Congress reconvened for the “lame duck” session this week. Lawmakers will break for Thanksgiving recess next week, and return the last week of November to resume talks on the “fiscal cliff” (see more below). Read brief biographies of the 12 new Senators and 81 new Representatives that have been elected to the 113th Congress at this time here. There are six House races that remain undecided.
Federal Education Funding
- CNN published an article on How education could plunge off the 'fiscal cliff' that covers what the pending budget cuts could mean to education.
- In a press conference with House Democratic women on Tuesday, Leader Nancy Pelosi (D-CA) stated "I have made a decision to submit my name to my colleagues to once again serve as the House Democratic leader," ending speculation that she could be considering retiring from Congressional leadership. As a result, the current lineup of Democratic leadership should remain the same. Huffington Post covered the story here. Senate Democrats voted to maintain their current leadership as Reid (NV) as Majority Leader, Durbin (IL) as Assistant Majority Leader. Republican Senators reelected Sen. McConnell (KY) as Minority Leader and Sen. Cornyn (TX) as the new Minority Whip (replacing Sen. Kyl (AZ) who retired.
- We continue to craft our advocacy agenda and strategy for the next Congress. Next week we will be meeting with key Senate and House staff to hopefully learn more about which bills will come up first (i.e. ESEA or higher ed?). Again, see this report and materials under legislative activities that we are using to draft legislation. We will continue to seek your input and feedback by establishing A-Teams after Thanksgiving. We will discuss what we learn on the Hill and the A-Teams on the upcoming Tuesday call.
Administration and Regulatory Update
- Here we go! Secretary of Education Arne Duncan outlined the second-term education agenda in his remarks to the Council of Chief State School Officers this week. He said the Department will continue focusing on work started during the first term at the state and local level, as well as focusing on principal preparation and evaluation. On ESEA reauthorization, Duncan said the Department will help and push for it, but only if Congress “wants it”, and added that he does not want to reauthorize a “bad” ESEA bill. During his speech, Duncan said that district-level ESEA waivers don’t make sense and are “off the table,” but he later recanted his remarks in an interview with Education Week, saying that district waivers are “very much still on the table.”

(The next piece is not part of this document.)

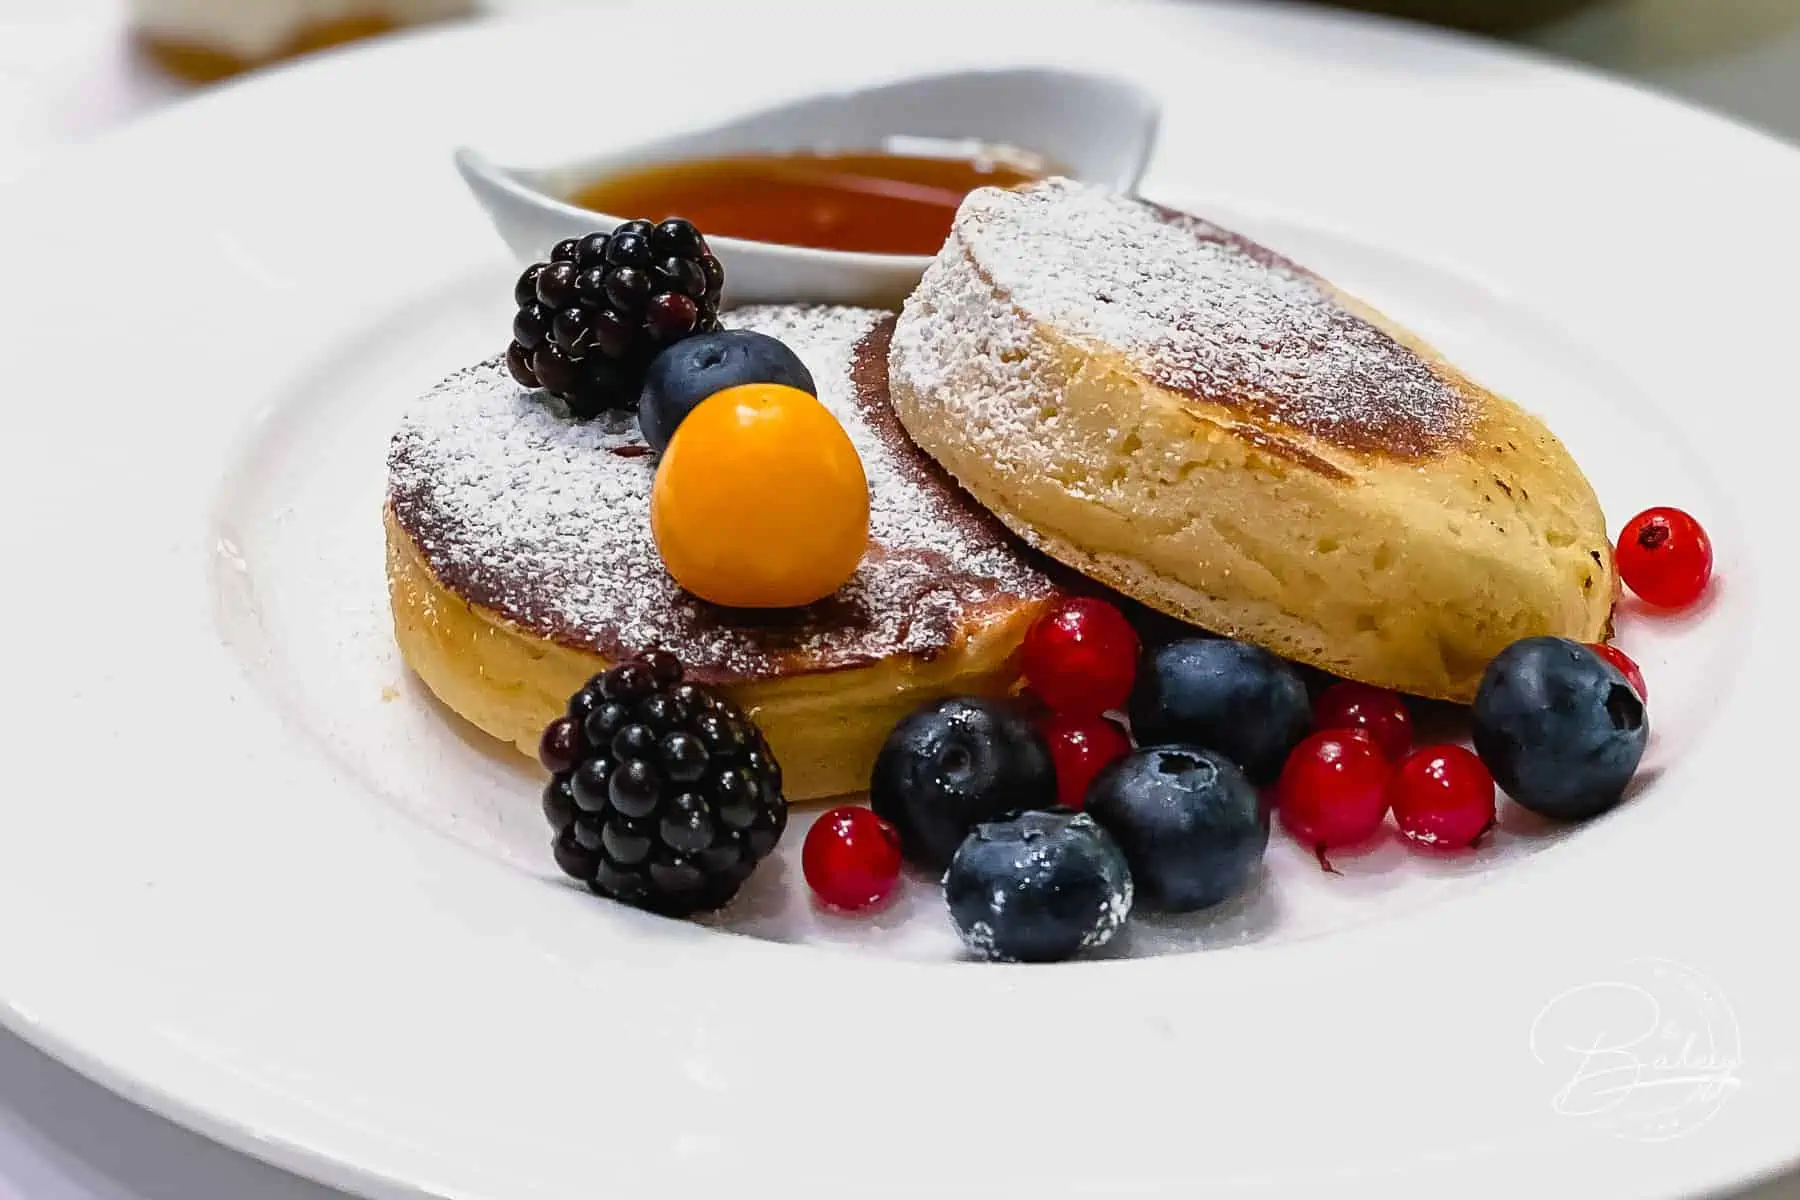 Dicke Pancakes selber machen fluffige amerikanische Pancakes - Amerikanische Pancakes selber machen - fluffig lockere Pancakes - Pancakes Rezept - leckere weiche dicke Pfannkuchen

- This week ED honored 314 great American schools as the 2012 Blue Ribbon Schools. NAESP President Mark Terry attended the event to join the Department in honoring the accomplished principals.

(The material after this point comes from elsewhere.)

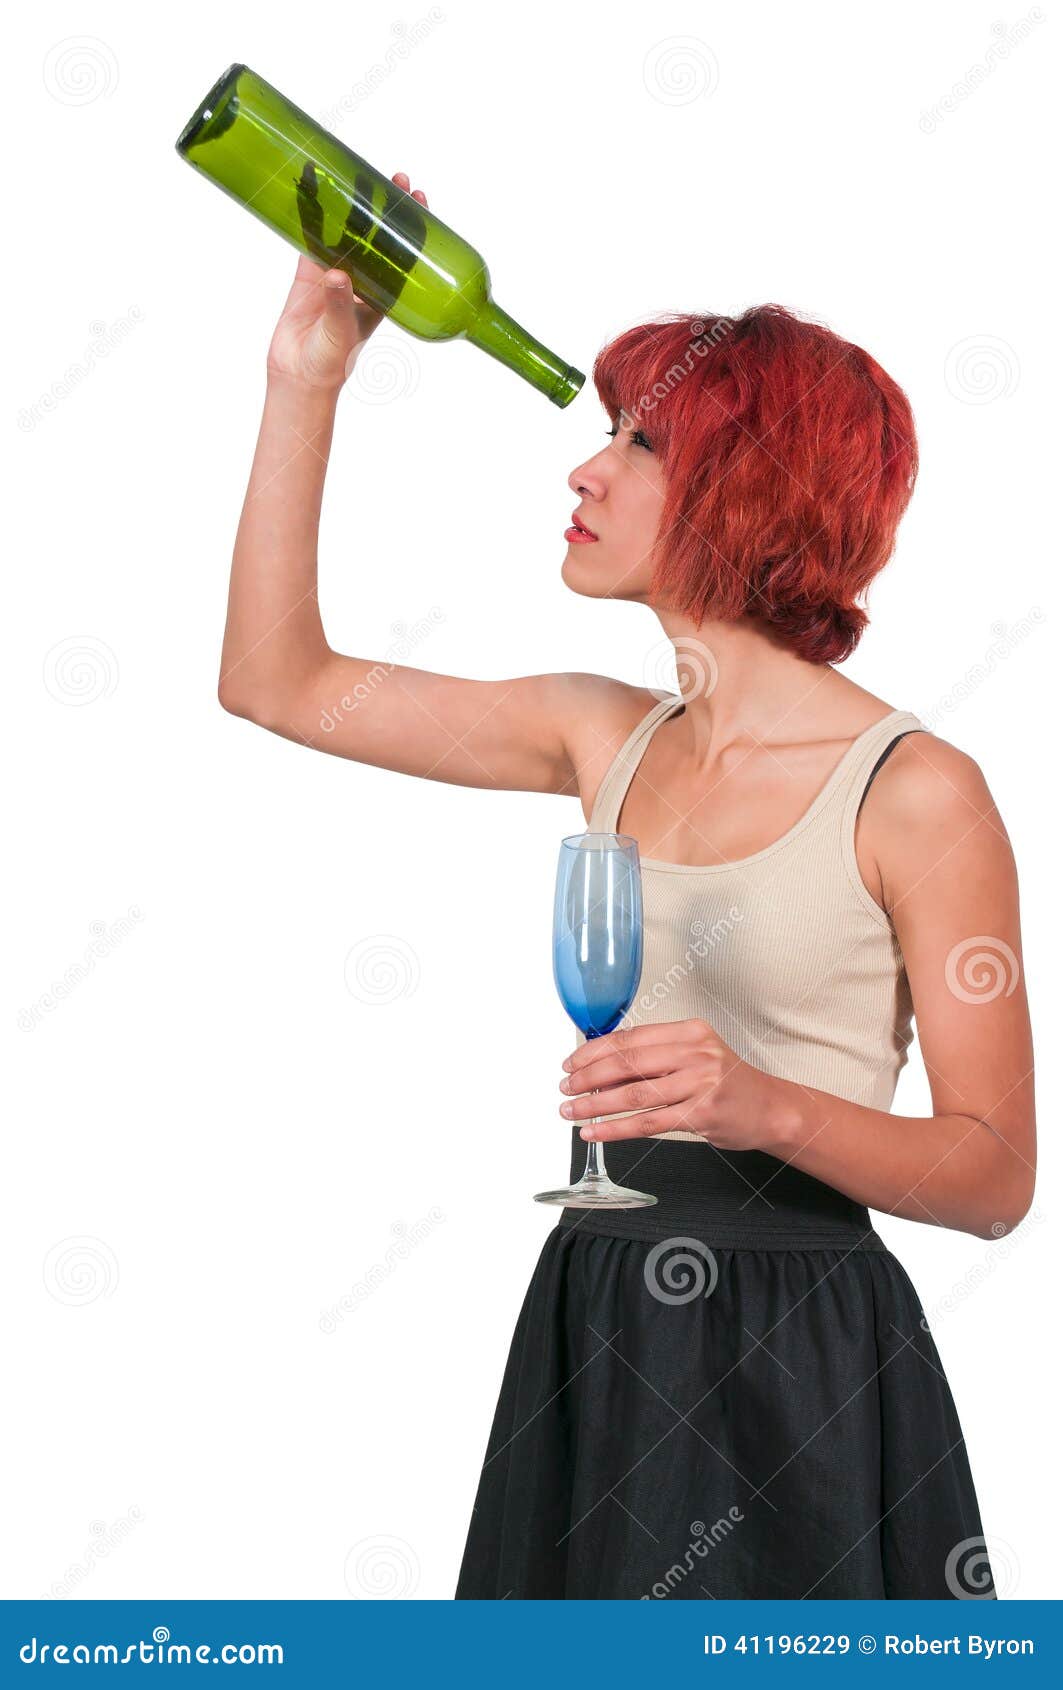 woman-empty-wine-bottle-beautiful-holding-41196229.jpg

- A new study has been published which compared the Marzano Observation Protocol, the foundation of the Marzano Teacher Evaluation Model with the Danielson Framework for Teaching. The comparative case study, a dissertation by Paul George Mielke, took a qualitative approach, dividing teachers into two cohorts, one using the Marzano Protocol and the other the Danielson Framework, to determine the benefits of research-based teaching frameworks for teachers.
- The Center for American Progress (CAP) released a report, “The State of Teacher Evaluation Reform: State Education Agency Capacity and the Implementation of New Teacher Evaluation Systems.” The report outlined the key challenges states face as they begin to implement teacher evaluation systems that include: 1) variation in the philosophical, statutory, constitutional debate over the proper role of the state education agencies; 2) variation in the degree of flexibility in state evaluation systems; 3) meeting the human capital demands necessary for this type of new system development; 4) shrinking funding streams intended to support the system; and 5) keeping pace with the implementation timetable in place.